The Kronia () was an Athenian festival held in honor of Kronos (Cronus) on the 12th day of Hekatombaion, the first month of the Attic calendar, and roughly equivalent to the latter part of July and first part of August.

The festival was also celebrated in parts of Ionia, and in these places the month was called Kronion, named after the festival. Scholars usually interpret it as a celebration of the mid-summer (first) harvest.

Details from ancient sources
The Roman playwright Accius says that to celebrate the Kronia, "In nearly all fields and towns they happily feast upon banquets, and everyone waits upon his own servants." Slaves and the free, rich and poor, all dined together and played games.

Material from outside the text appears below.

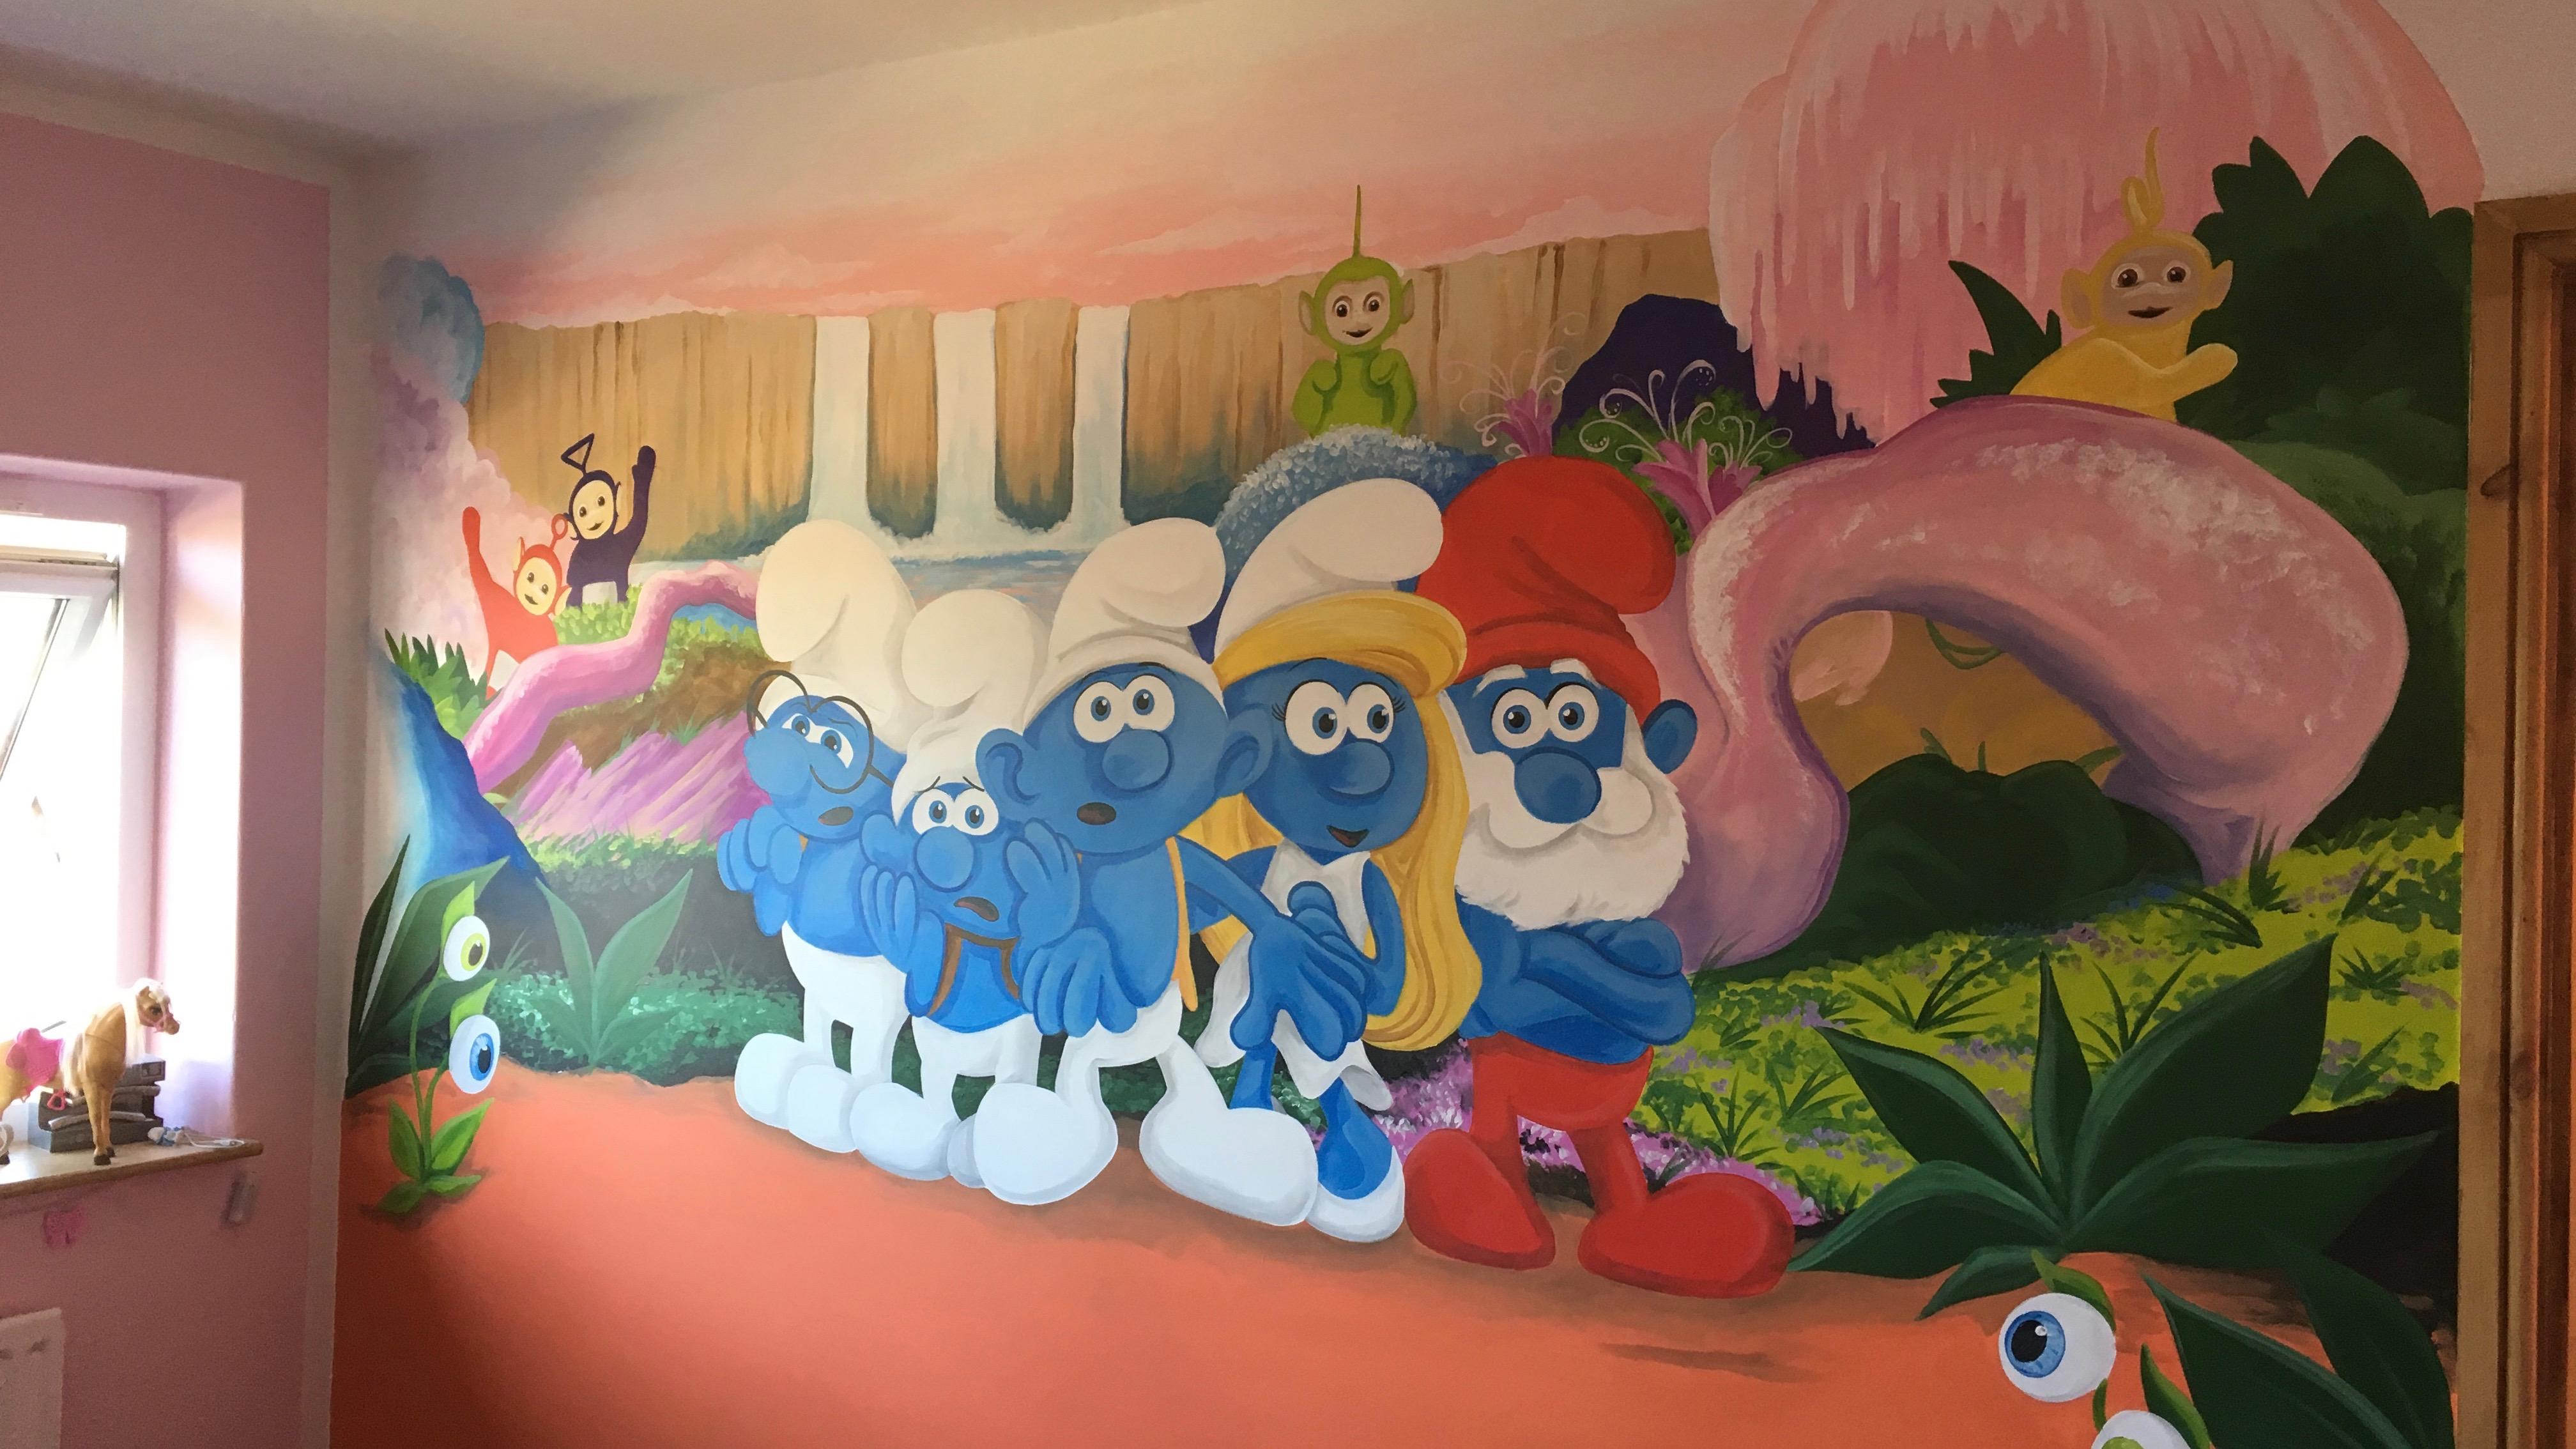 Smurph's Mural

The freedom from work and social egalitarianism enjoyed on the day represented the conditions of the mythical Golden Age, when Kronos (Cronus) still ruled the world. In the Golden Age, the earth had spontaneously supported human life, and since labor was unneeded, slavery had not existed.  William Hansen describes the Golden Age of Kronos as "a period of thorough harmony in which hierarchical, exploitative, and predatory relationships were nonexistent."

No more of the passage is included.